Some days I wake up and have no idea where I am. Sometimes it is an interesting sense of disorientation, sometimes disturbing. You cannot get used to anything when nothing is in its proper place long enough to allow it.
My life has a certain inevitability about it. Part of that seems to involve being constantly on the move. In the last few months, I have moved from one campus to another campus and now to a building midway between both as a result of work. My tiny apartment remains the same though the people around it keep changing and more often than not disappearing.
Tonight, I will be back home but only until tomorrow morning when I drive the 120 miles back here again.

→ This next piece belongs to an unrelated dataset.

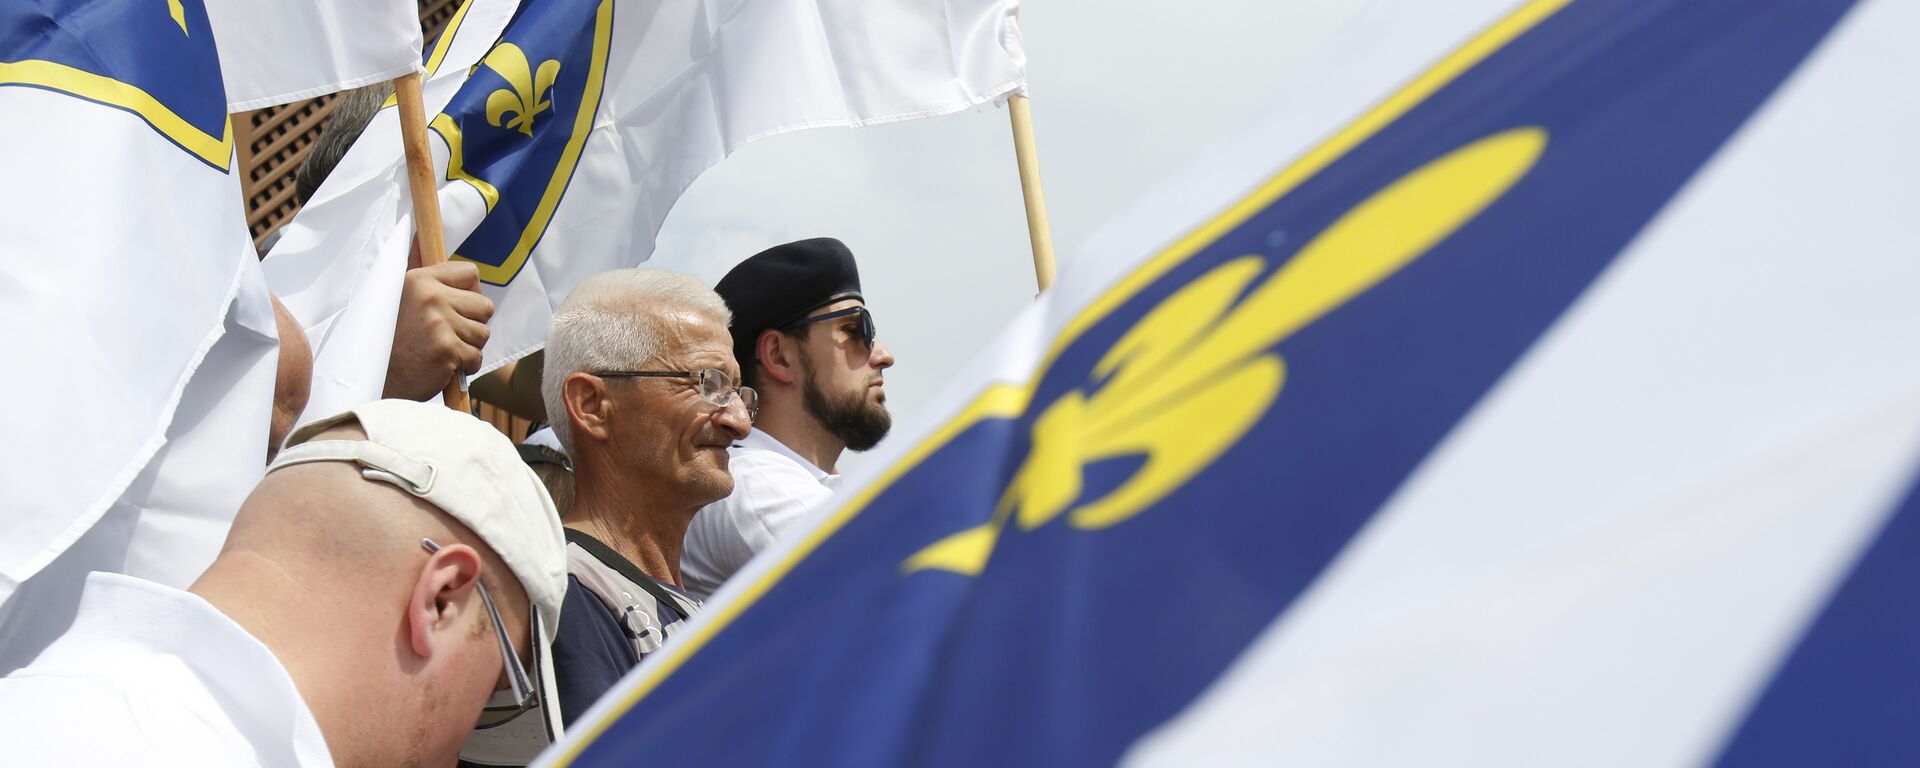 Bošnjačke zastave na protestu u Sarajevu, 4. maja 2018. godine - Sputnik Srbija, 1920, 09.06.2018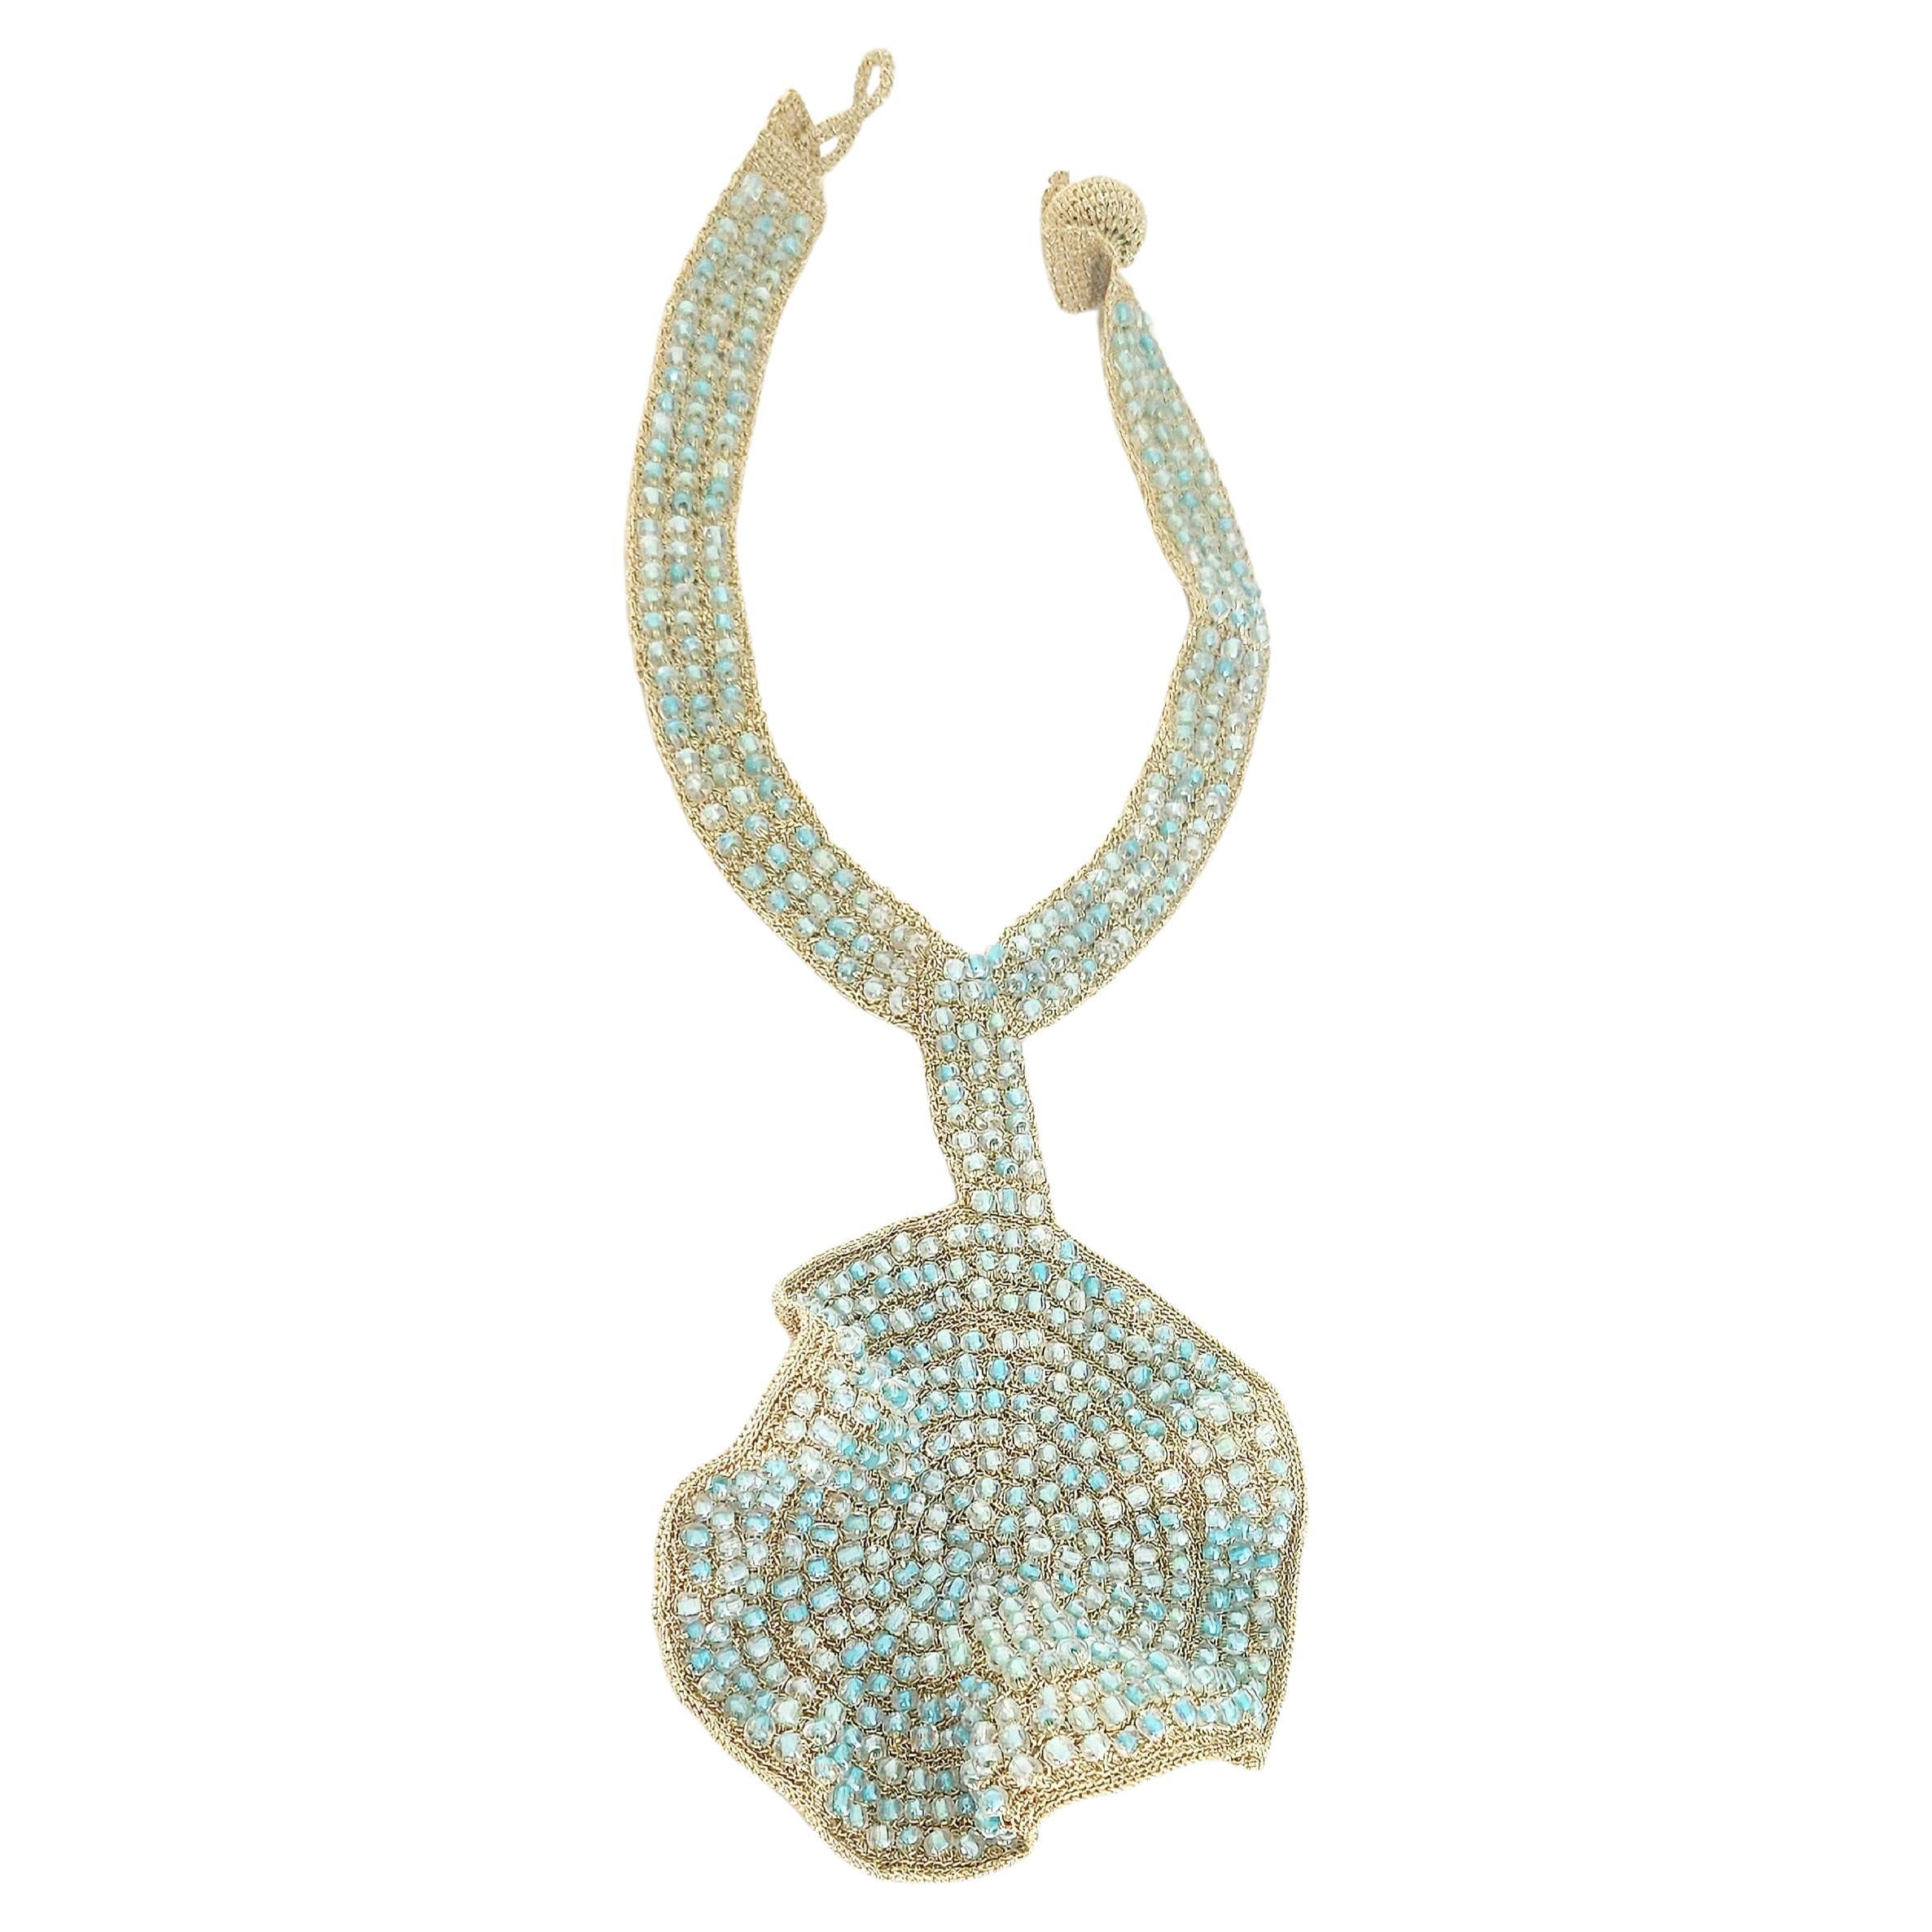 Statement Light Blue Glass Beads Crochet Necklace Light Golden Thread For Sale

On the plus side, the 6mm Roman figures seem to be moving closer and closer to completion with a significant number of cavalry painted and a bunch more in process. Additionally, I finally decided on a look for the RAFM 15mm Traveller figures and they are looking pretty good. I have put a moratorium on figure purchases though I do not know how long it will last. The huge array of miniatures remains an island of tranquility in a steadily deteriorating world.
Following the success of Panzerblitz, Avalon Hill produced Panzer Leader, a similar design for tactical combat in Western Europe. The game included 4 modular boards, one showing a beach, and counters showing tanks, infantry, artillery, and aircraft counters for British, American, and German forces.
Scenarios start with a paratroopers holding a vital intersection on D-day and follows with beach landings, attempted breakouts, etc. in chronological progression. The game seemed a bit smoother in design than Panzerblitz but Panzerblitz had the benefit of being there first.
SPI in the meantime was taking the design in a different direction and introduced a similar magazine game, Combat Command with significant changes in scale and a promise of a continually evolving system.
Anyone who has seen Star Trek II: the Wrath of Khan will remember the simulation room and the Kobayashi Maru scenario. FASA had at one point gotten license to produce Star Trek gaming material and this board game was their answer to tactical space combat offering a simpler, easier to approach game than the more popular Star Fleet Battles from Task Force Games.
They also offered a range of ships derived from Star Trek Ship Recognition Manual which offered some unique designs that different from SFB and not necessarily appearing in any other Star Trek material. The offerings included Federation, Klingon, and Romulan ships as well as some others including the Kobayashi Maru for the completist.
The rules provide an introductory game, an intermediate game, and an advanced game designed for use within an RPG play thru where each member of the crew can perform in whatever role they are assigned to.
There seems to be little information on this company though it appears from the Star Blazer figures I have that they were likely producing miniatures for other firms licensed to handle particular products. I have read that the company was started by former employees of Grenadier Miniatures. The six packs below show only a handful of the available Star Blazers miniatures which were likely meant as a tie-in to a ruleset offered at that time. For those unfamiliar with Star Blazers, it was an early anime favorite in the US, altered from its original source to remove much of the violence and death in the original, Space Battleship Yamato.
SPI continued their exploration of tactical games with Dreadnought. James Dunnigan had earlier created the massive cardboard miniatures game Jutland for Avalon Hill. Here, capital ships are simplified to basic stats encapsulated on the colorful set of counters with simple silhouettes showing the ship from the air as little more than a black or white outline. The game covers naval warfare from 1906 through WWII and is supposed to include every battleship in action during those times. Cruisers and destroyers are presented more abstractly wherein a single counter represents multiple ships. Like so many of the naval games SPI was releasing at the time, this one uses the SiMove pad where orders are written for each ship prior to the turn.
I bought this game in the late 70s when I was frustrated with the limited range of tactical space combat games available and thought that with a little monkeying around this game could fill that role. I played it a number of times but always as a basic naval game.
There is an interesting campaign game where one is presented with 4 different battle situations and must allocate their ships accordingly. Overall, a pretty fun game with limited stacking for capital ships, none for cruisers and destroyers. A note, too, that submarines and aircraft play no part in the game. Maps are simply identical light blue modules.
A midway point in SPI’s exploration of tactical games begun with Tac Game 3. The game follows Red Star/White Star, an earlier effort covering roughly the same period. Here, some of the anomalies of the earlier game are cleaned up and new rules are added. The single large board of the earlier game are replaced by more elaborate boards highlighting differences in elevation which were noticeably absent in Red Star/ White Star.
The enthusiasm for tactical armor games is not too surprising in that the conflict in Israel had led to significant advances in armor and many of the folks playing SPI games were people in the military.
Not all theaters get the same emphasis as western Europe. The Middle East and Far East have only a single scenario each. The conflicts in the Middle East would be covered more thoroughly in SPI’s October War and Avalon Hill’s Arab-Israeli Wars.
A note, too, that SPI produced another game down the road covering the same theater but with an entirely different set of rules called Mech War 2 which actually consisted of two separate games, Red Star/White Star covering Western Europe and Suez to Golan covering the Middle East.